The office looked fine, and the prospect of working with ten Italian girls was pleasing, but mainly Alec felt like a man reprieved. The day’s report would remain unblemished.
What happened today? Nothing bad.
Which was the way of the world, between misunderstandings, bankruptcies, and stomach cancers.

—Matilda is right, Oleg said later, peering through the ophthalmological achievement of his glasses, the job is desirable. It also presents certain opportunities. But I do not advise pursuing them. At least not without great circumspection.

It was these very opportunities that precipitated Iza Judo’s appearance outside the briefing department building two days later. When Alec bounded out the door, Iza reacted as if he were the unsuspecting beneficiary of a happy accident. The look on his face was intended to convey simple, good-natured incredulity: there he’d been, Iza Judo, innocently taking a break from the heat in front of some random building, when who should emerge but his old pal Alec Krasnansky!

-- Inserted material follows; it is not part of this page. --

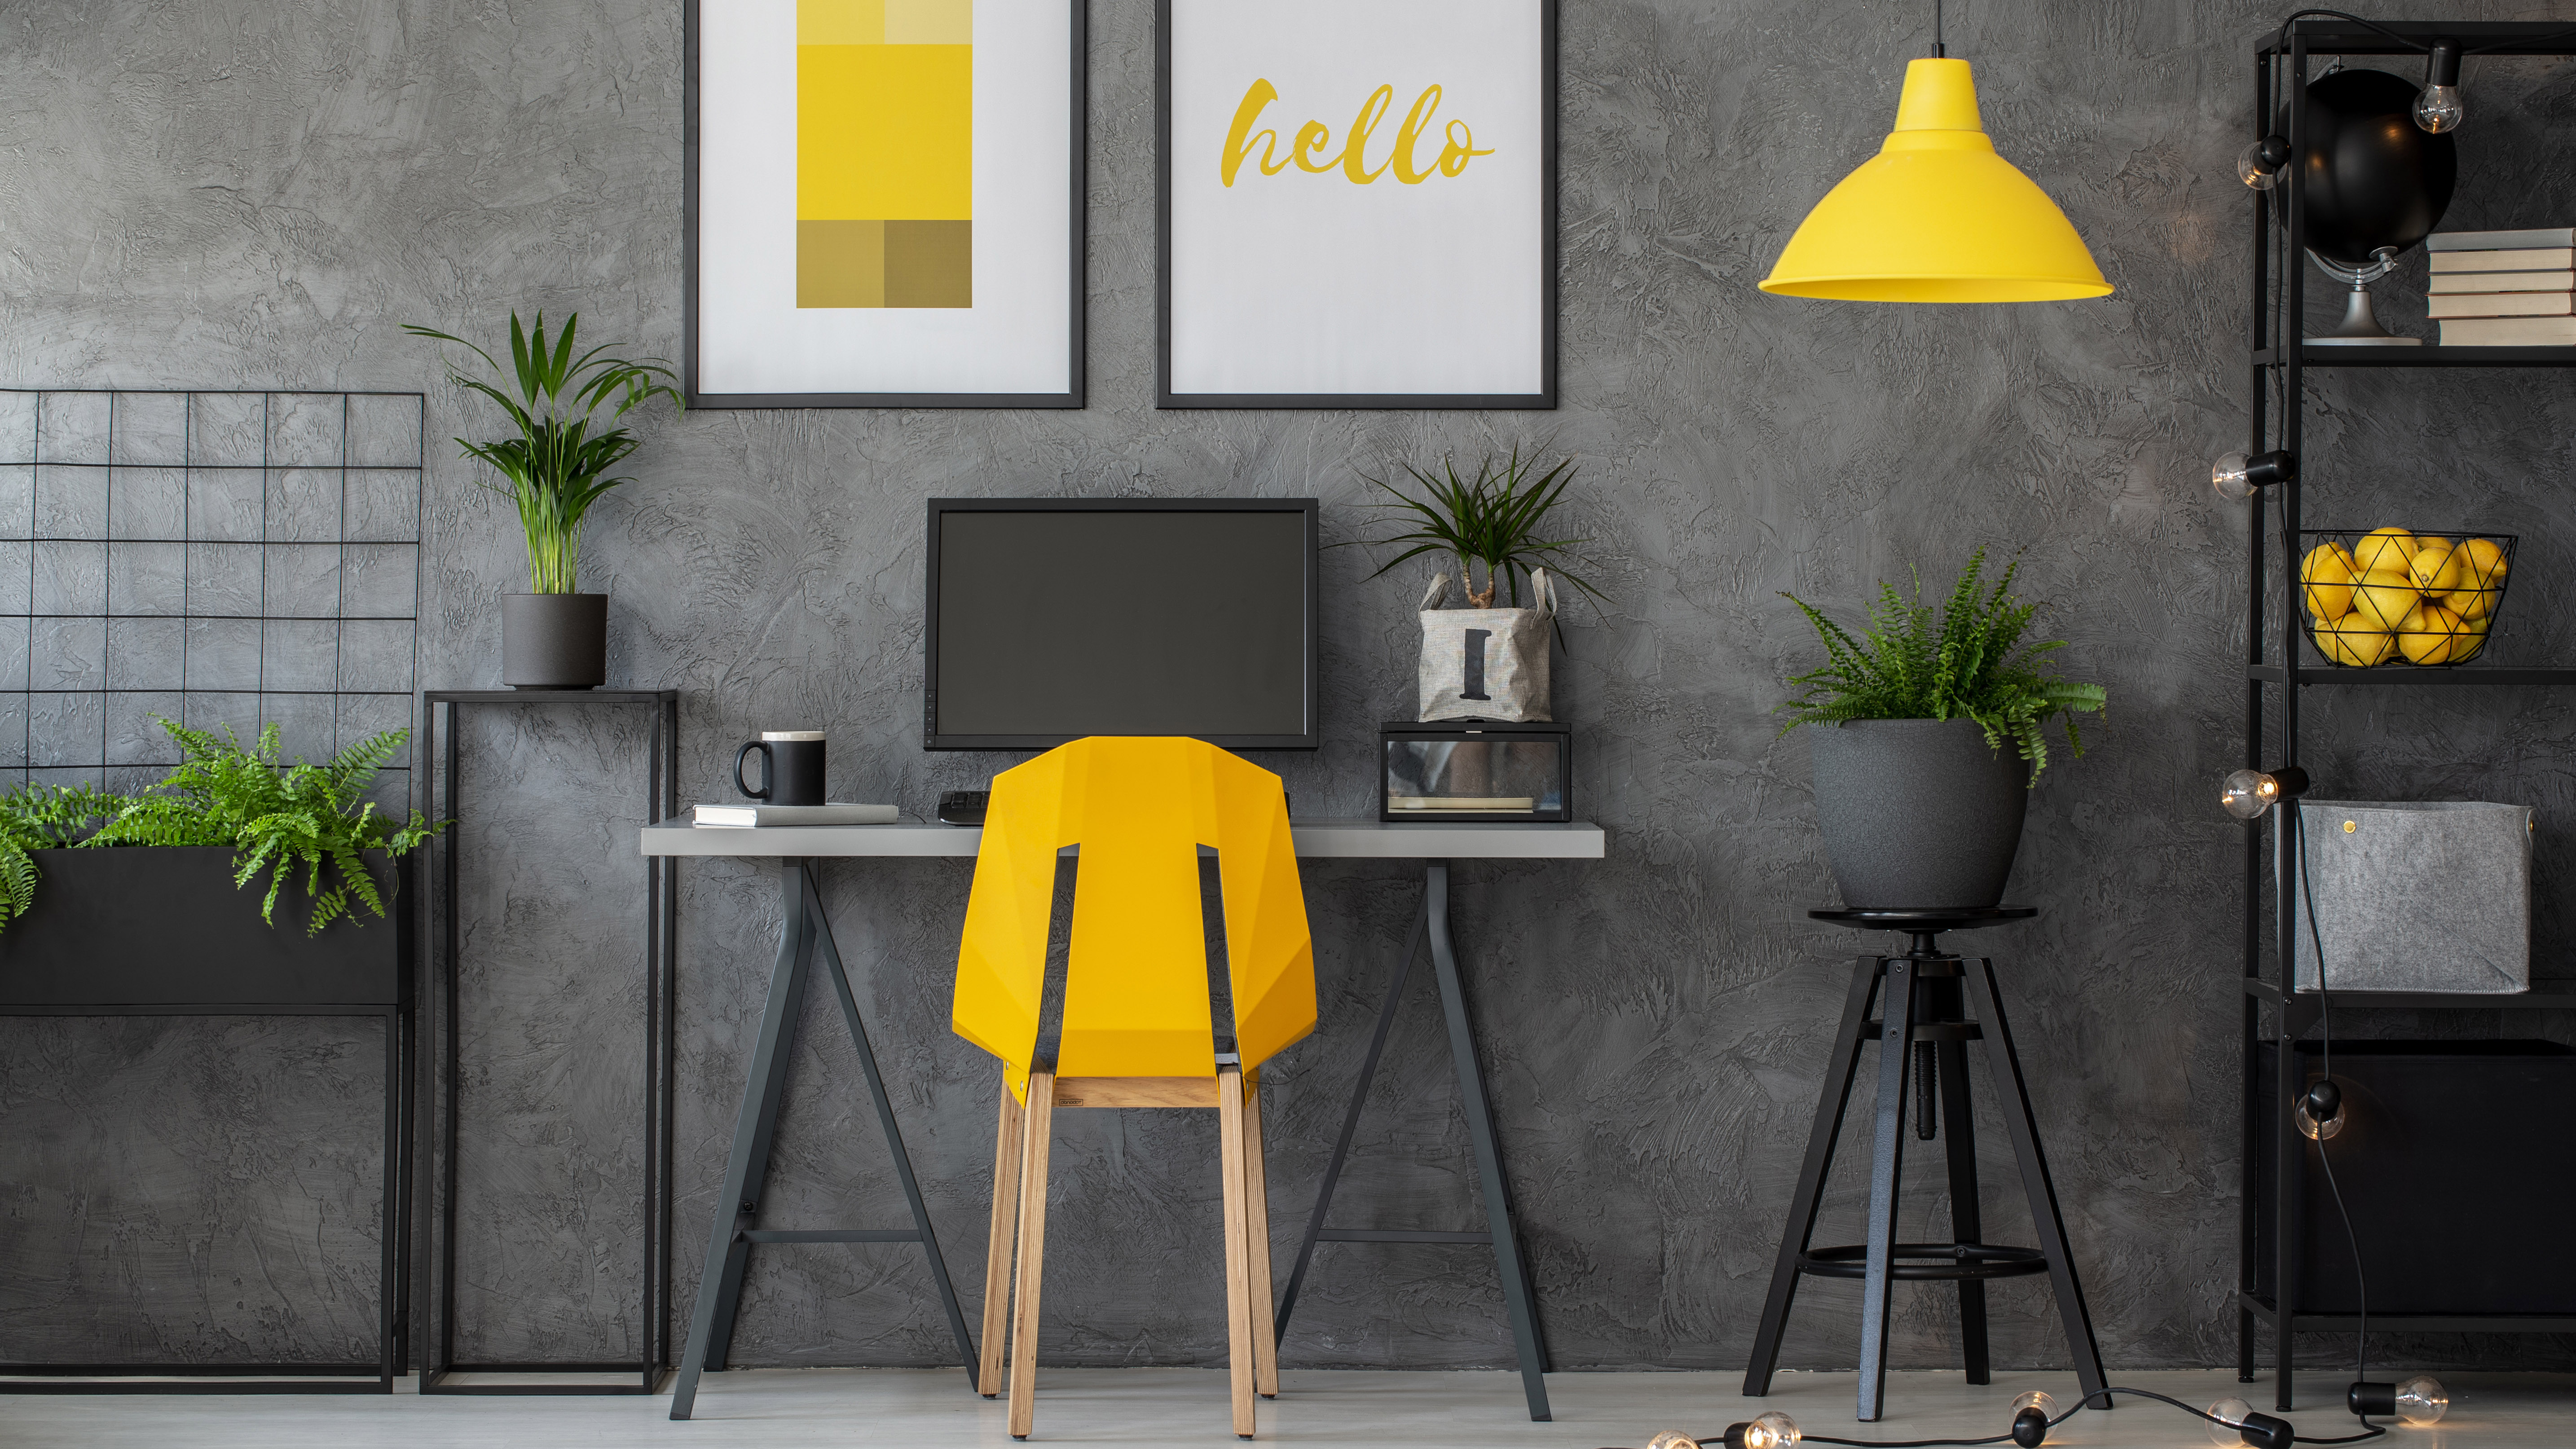 A dark grey themed home office with a yellow chair, lamp and lemons to decorate

—You wouldn’t believe it, Iza said.

—Is that right? Alec said.

—Not five minutes ago, I was telling Minka here about you, Iza said, motioning to a young man leaning against the wall. The man was very fair, practically, if not clinically, an albino. His gray T-shirt exposed arms that were liberally adorned with prison tattoos.

—I believe it, Alec said smiling.

—He believes it. What a guy! Iza crowed. Minka, didn’t I tell you he was sharp?

—That’s what you said, Minka affirmed, looking up and shielding his eyes from the sun.

—The sun’s murder, Iza said, how about we find a shady place for a drink?

—I’m expected across the street, Alec said.

—Your job, right? Iza said. I understand. But what’s fifteen minutes here or there? Carter won’t change the immigration policy because you stopped for a coffee with a friend.

—And for a beer? Alec said.

—He won’t change it for a beer either, Iza said, putting his arm around Alec’s shoulders and propelling him down the street toward a place with an awning.